La macroeconomía y la geopolítica no llegan ni importan, sin embargo, al territorio europeo alejado de la prosperidad de las urbes, regiones y rutas más prósperas y mejor interconectadas. La única estrategia paneuropea que se escucha en el territorio menos denso y dinámico de la UE es —argumenta Giuliano da Empoli—, la de los partidos populistas, que aprovechan las nuevas herramientas de Internet para expandir mensajes de agravios que encuentran el terreno fertilizado.

Orígenes y deriva de la PAC

Da Empoli explica quiénes son esos «ingenieros del caos» que saben perfectamente lo que hacen cuando pescan en río revuelto, gracias a la demonización de sospechosos habituales (y chivos expiatorios de libro, tales como las empresas transnacionales, las élites políticas, económicas y culturales, o «internacionalistas en la sombra» como George Soros). Un pensamiento maquiavélico con herramientas de Silicon Valley, titula Le Monde en la reseña del libro de Da Empoli.
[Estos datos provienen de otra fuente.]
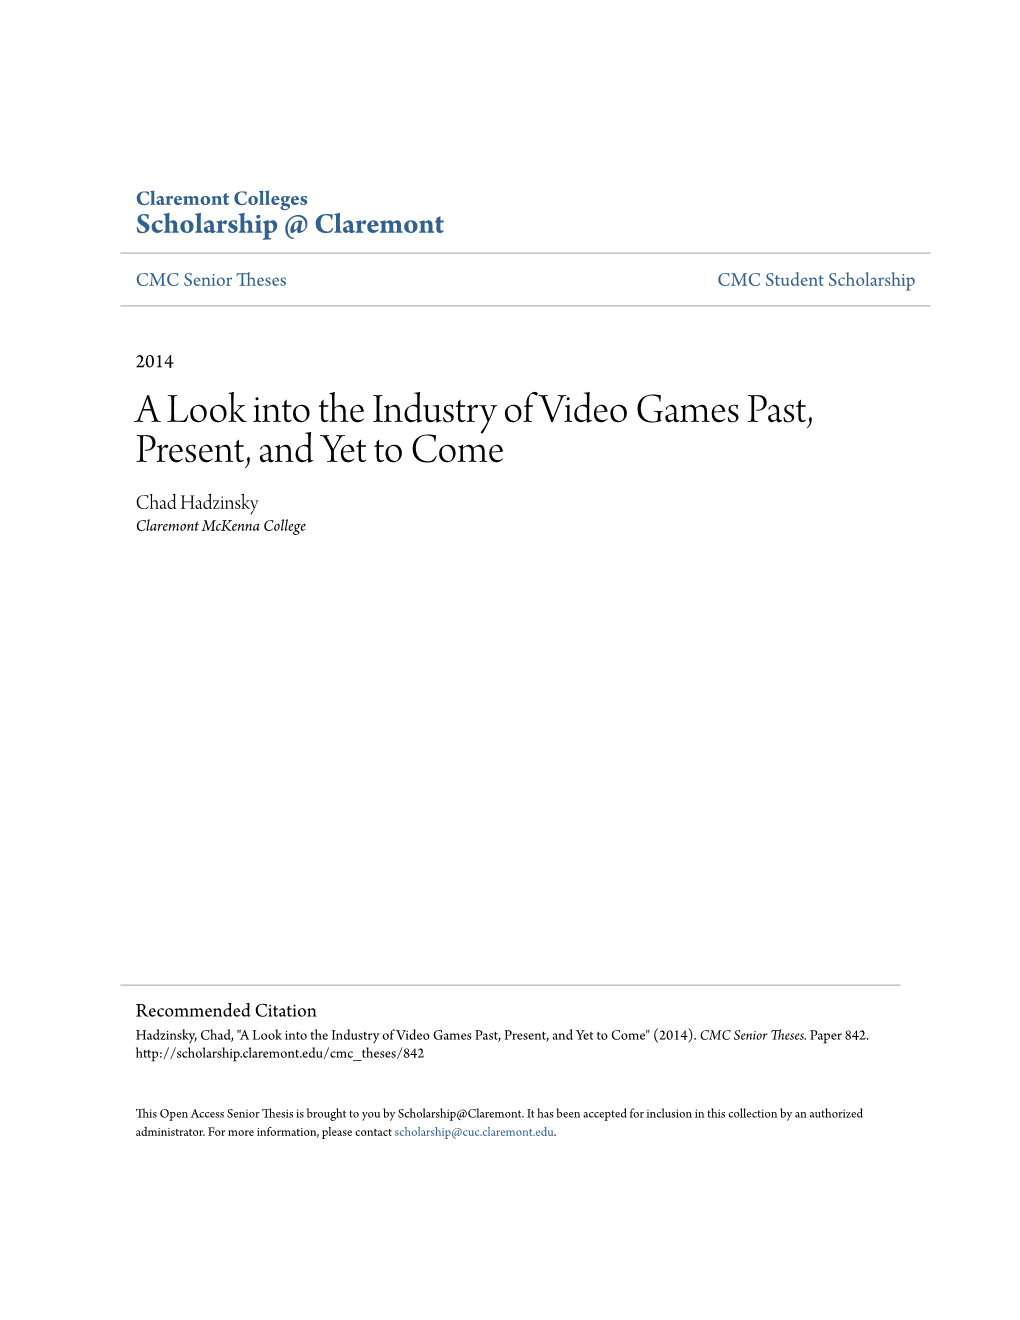 A Look Into the Industry of Video Games Past, Present, and Yet to Come Chad Hadzinsky Claremont Mckenna College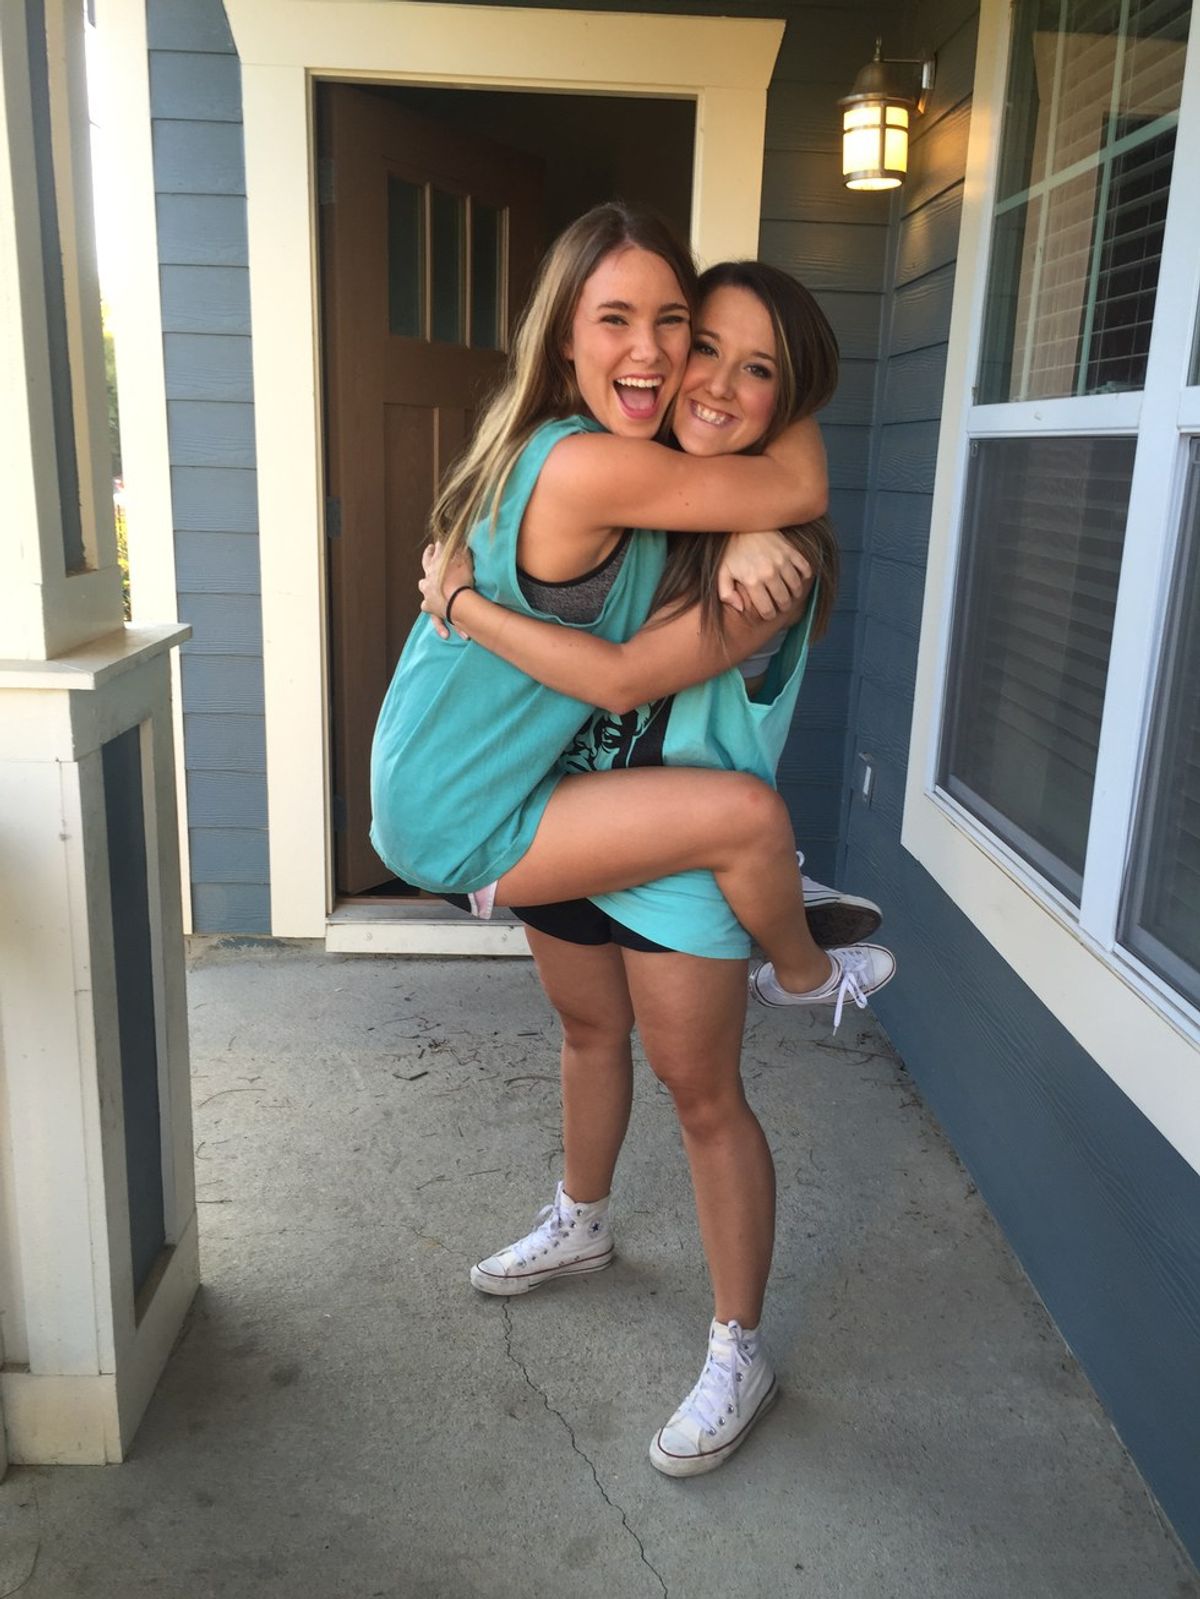 20 Thoughts A Big Has During Big/Little

Francia, país históricamente vertebrado en torno a su propia percepción de país de agricultores y ganaderos asentados en un territorio que cuidan y promueven (como no han logrado los otros pesos pesados de la UE), fue el principal garante del contrapeso que debía nivelar las distintas almas de la construcción paneuropea: ante el industrialismo alemán (también: el favor por los conglomerados de pequeñas empresas italiano; y la deriva financiera del Reino Unido), Francia insistió en la ayuda al campo.

Con Francia como impulsora y garantista de las ayudas a los agricultores y ganaderos de la organización europea, la Política Agraria Común (PAC) se convirtió en el gasto estratégico de los presupuestos europeos… y el precio a pagar de la RFA (y de la Alemania unificada después) por el apoyo francés a una construcción europea a medida de los flujos industriales y comerciales en el continente, bajo el auspicio de la fortaleza monetaria del marco alemán y —como se vería en la política común durante la crisis de la deuda de la pasada década—, del rigor fiscal inherente a ella.

Pese a fundarse en 1962, la PAC tiene sus orígenes en la posguerra y constituía una reivindicación de los productores y ganaderos de entonces, que criticaban la prioridad concedida a la reconstrucción de industria e infraestructuras cuando el campo europeo, entonces apenas mecanizado, debía alimentar a la población.

El relato del campo olvidado en el pensamiento reaccionario

La ayuda, concebida desde los inicios, pretendía favorecer la libre circulación interior de los productos agropecuarios de los países miembros, proteger esta protección de competidores ajenos a la Comunidad Europea, y establecer un sistema de créditos y ayudas. Pronto, los agricultores europeos (y, en particular, el campo francés), se beneficiaron de una política generosa y proteccionista, que acaparó pronto la mitad del presupuesto total europeo.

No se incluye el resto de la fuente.